Python measuring Big O notation algorithms execution time

Question

I am trying to make a function to measure the execution time of Big O algorithms.

I have made a list with the names of the functions, and a list of n values, which are to be given to the function. I have also prepared a 2D matrix for the results.

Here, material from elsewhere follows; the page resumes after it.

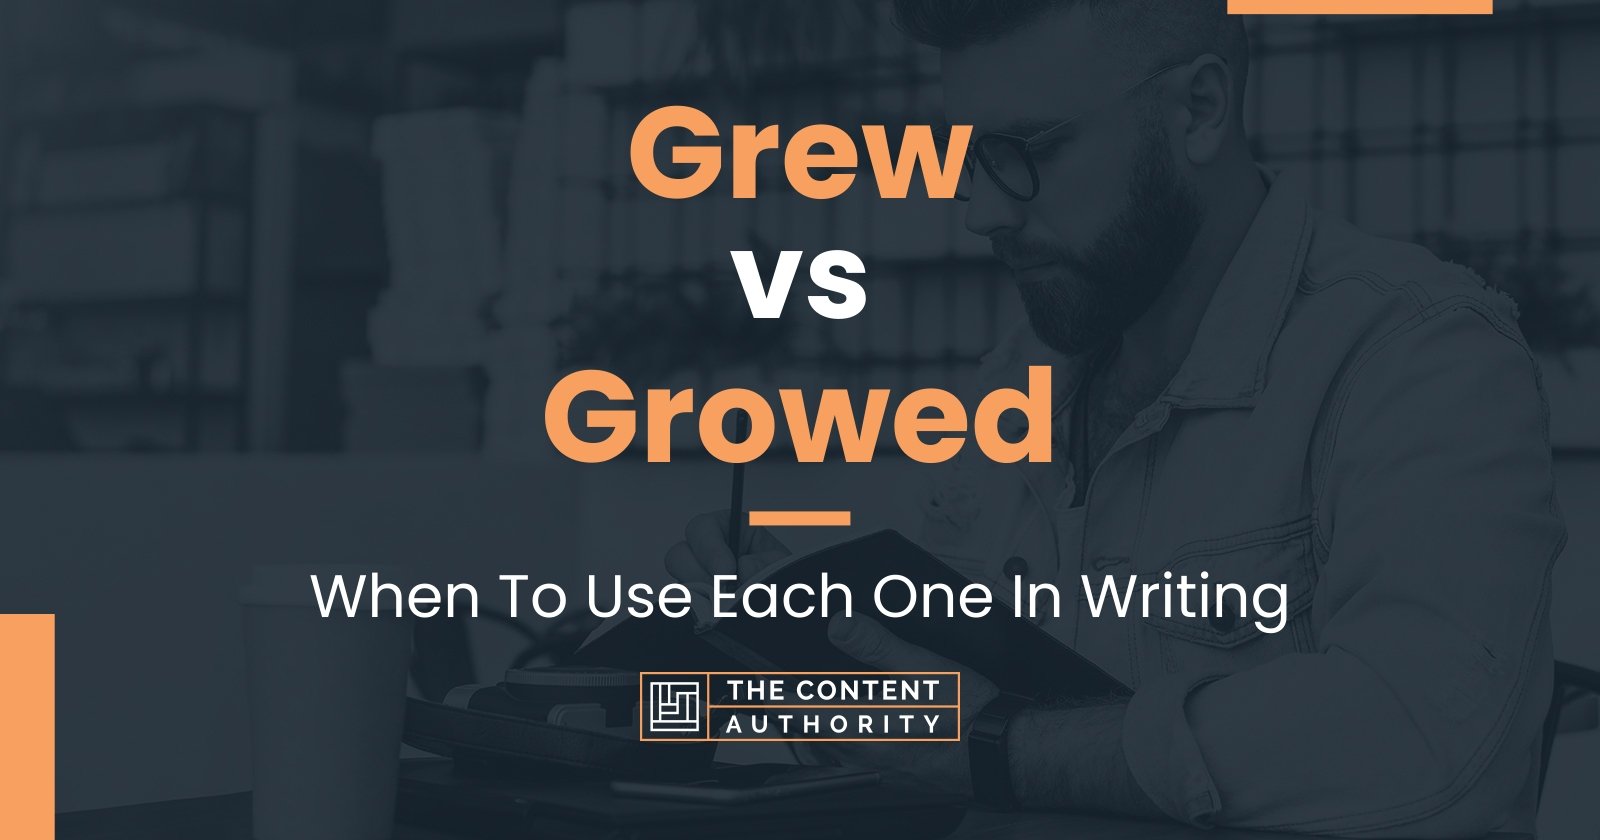 Grew vs Growed: When To Use Each One In Writing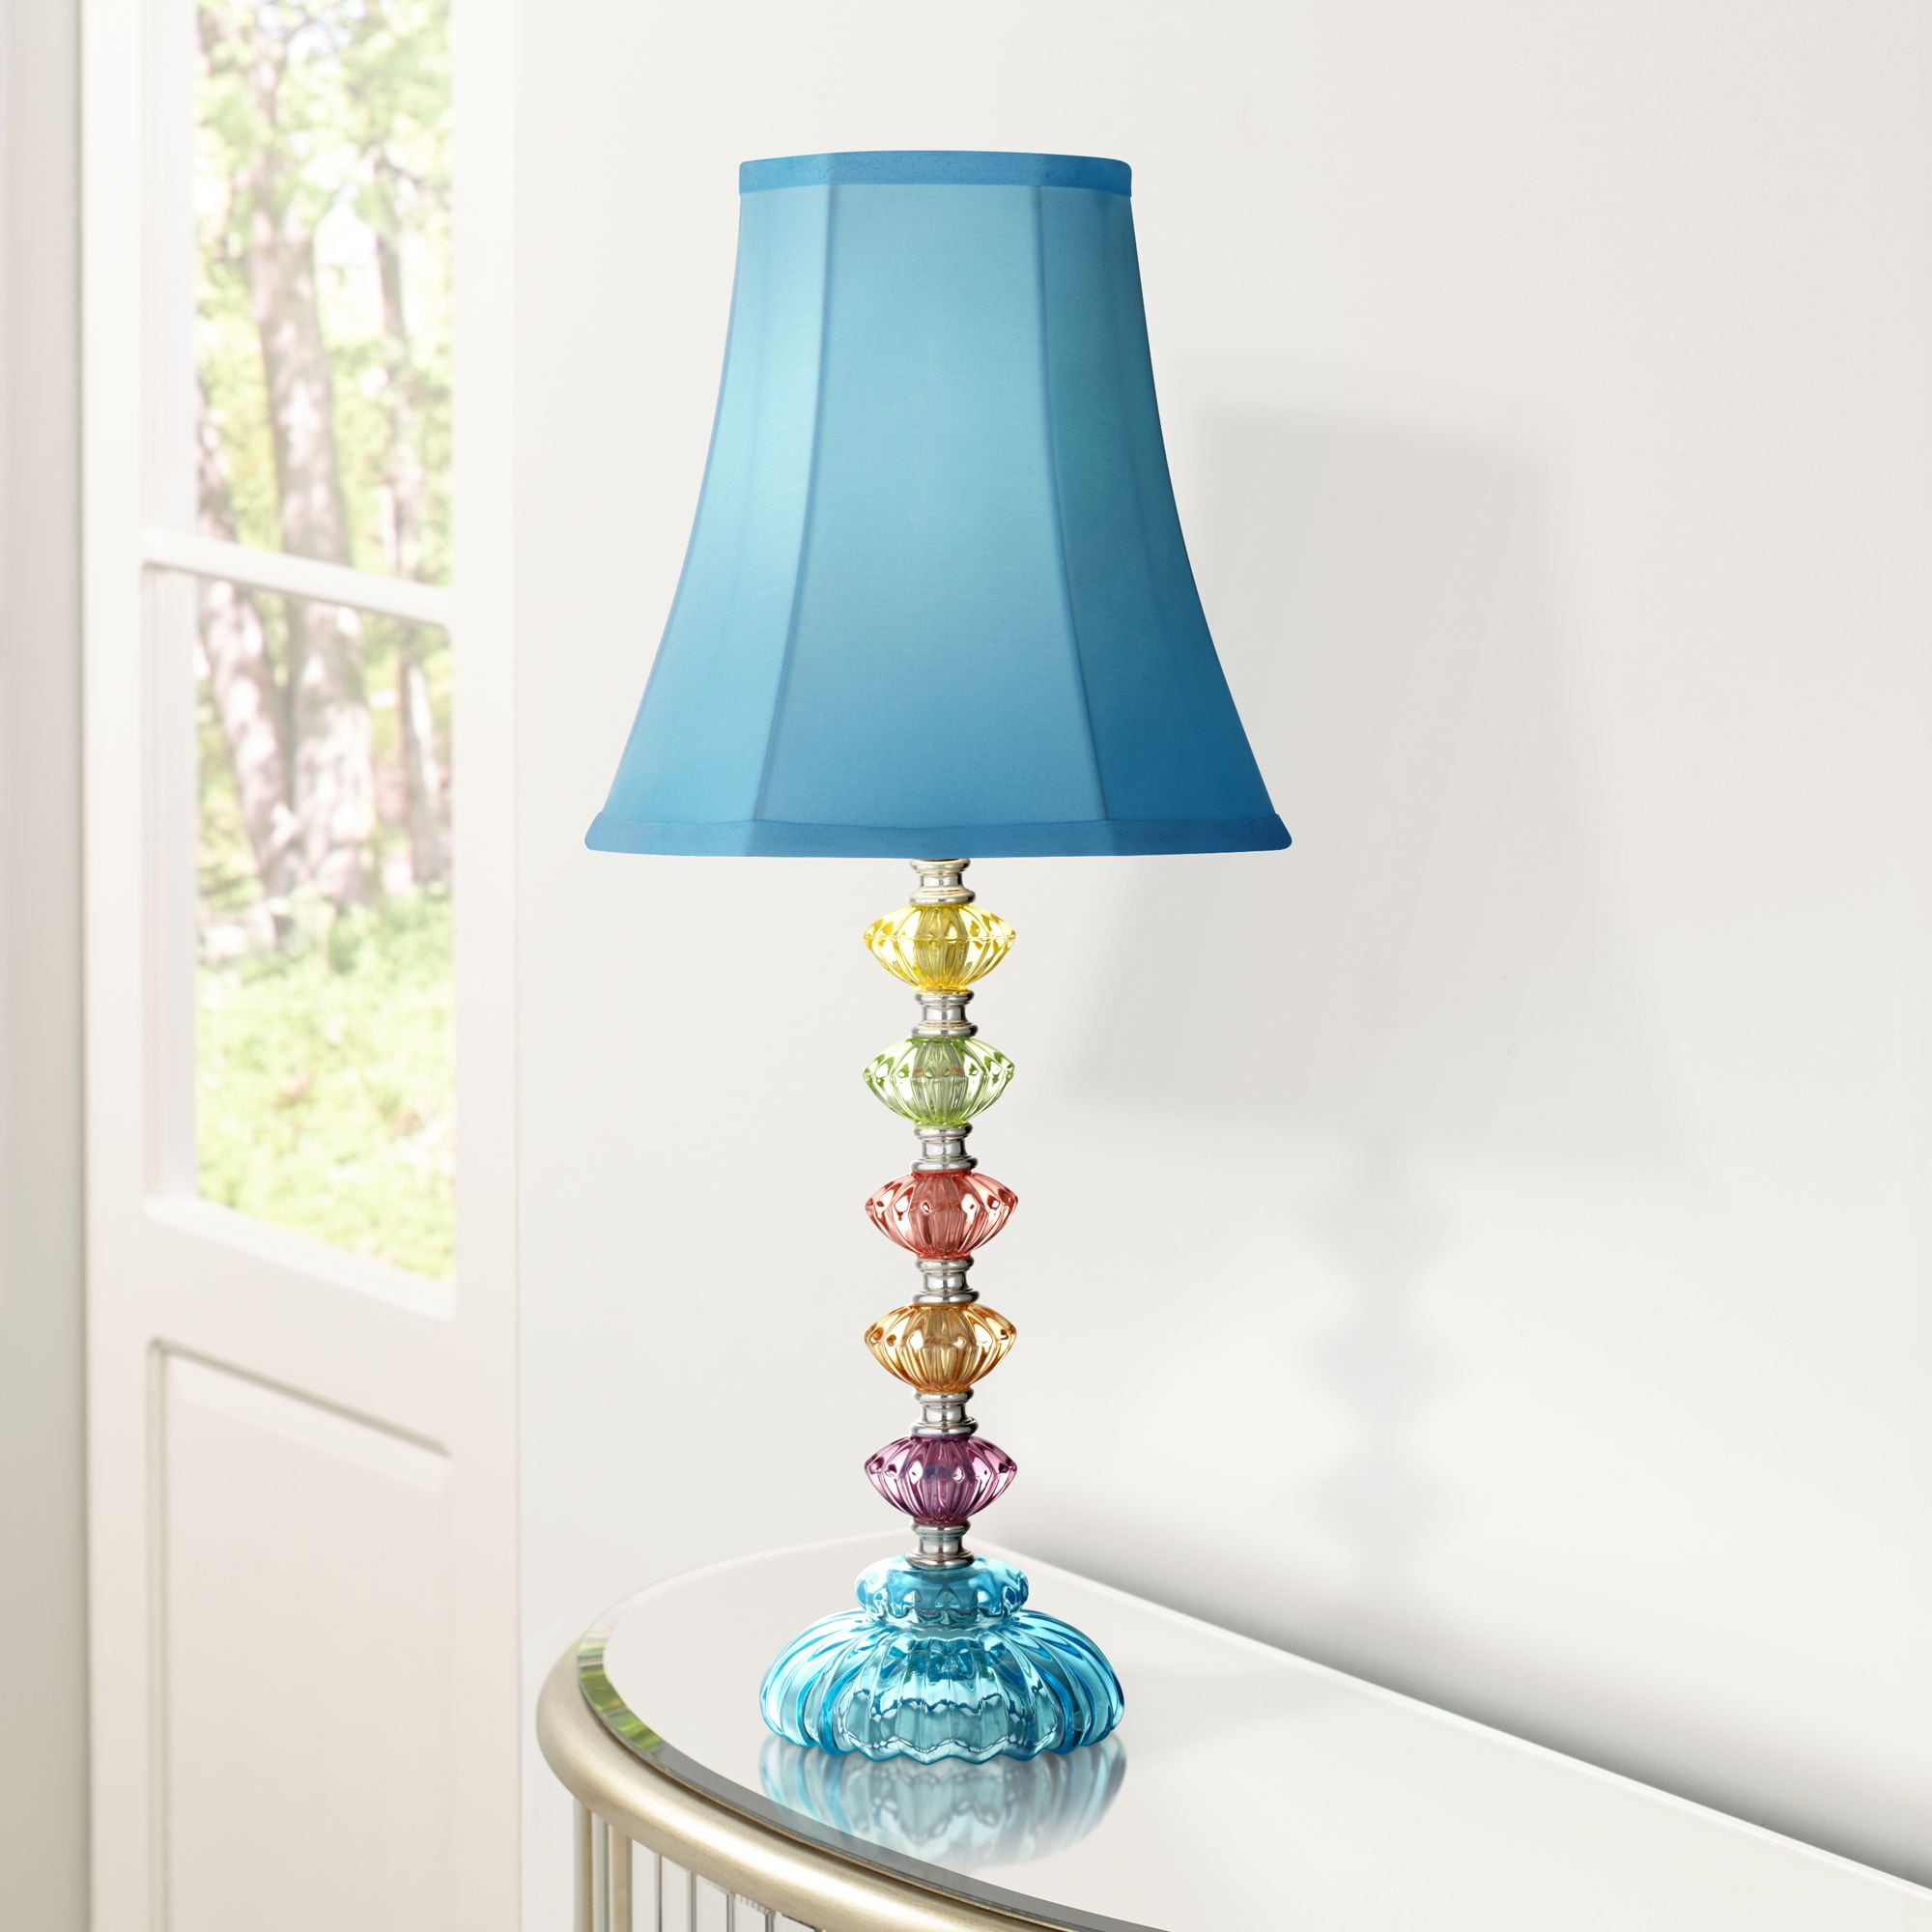 360 Lighting Bohemian Accent Table Lamp, Blue Table Lamps Bedroom

But I get an error when running the code - argument after * must be an iterable, not int

import time

def o1(n):
    return 1+1

def olog(n):
    while n>0:
        1+1
        n//=2
    return n

def on(n):
    while n>0:
        1+1
        n-=1
    return n

nlst=[10**2, 10**3 , 10**4 , 10**5 ]

algorithms=[ o1 , olog, on ]


def measure(nameF, n):
    begin = time.time()
    nameF(*n)
    end = time.time()
    res=round(end-begin,4)
    return res

for a in range( len (algorithms) ):
    for n in range(1 , len (nlst) + 1 ):
        rlst[a][n] = measure( algorithms[a] , nlst[n-1] )

rlst=[["o1",0,0,0,0],
     ["olog",0,0,0,0],
     ["on",0,0,0,0]]

for x in rlst:
    print (x)

Answer 1

Try this

import time

def o1(n):
    return 1+1
def olog(n):
    while n>0:
        1+1
        n//=2
    return n

def on(n):
    while n>0:
        1+1
        n-=1
    return n

nlst=[10**2, 10**3 , 10**4 , 10**5 ]

algorithms=[ o1 , olog, on ]


def measure(nameF, n):
    begin = time.time()
    nameF(n)
    end = time.time()
    res=round(end-begin,4)
    return res

rlst=[["o1",0,0,0,0],
     ["olog",0,0,0,0],
     ["on",0,0,0,0]]

for a in range( len (algorithms) ):
    for n in range(1 , len (nlst) + 1 ):
        rlst[a][n] = measure( algorithms[a] , nlst[n-1] )



for res in rlst:
    print (res)

However it seems like not everything can be measured

['o1', 0.0, 0.0, 0.0, 0.0]
['olog', 0.0, 0.0, 0.0, 0.0]
['on', 0.0, 0.0012, 0.0012, 0.0044]

Answer 2

Replace the argument *n by n. Also, rlst needs to be initialised before it is used, so move the initialisation of rlst to before the for loop that precedes it. The following code works:

import time

def o1(n):
    return 1+1

def olog(n):
    while n>0:
        1+1
        n//=2
    return n

def on(n):
    while n>0:
        1+1
        n-=1
    return n

nlst=[10**2, 10**3 , 10**4 , 10**5 ]

algorithms=[ o1 , olog, on ]


def measure(nameF, n):
    begin = time.time()
    nameF(n)
    end = time.time()
    res=round(end-begin,4)
    return res


rlst=[["o1",0,0,0,0],
     ["olog",0,0,0,0],
     ["on",0,0,0,0]]

for a in range( len (algorithms) ):
    for n in range(1 , len (nlst) + 1 ):
        rlst[a][n] = measure( algorithms[a] , nlst[n-1] )

for x in rlst:
    print (x)

The functions log n and n grow at very different rates, and so it's difficult to get non-zero values in your output for log n and to also execute the linear time function in a reasonable amount of time. To get nonzero values for the log n function, take n = 10^10000 or 10^100000.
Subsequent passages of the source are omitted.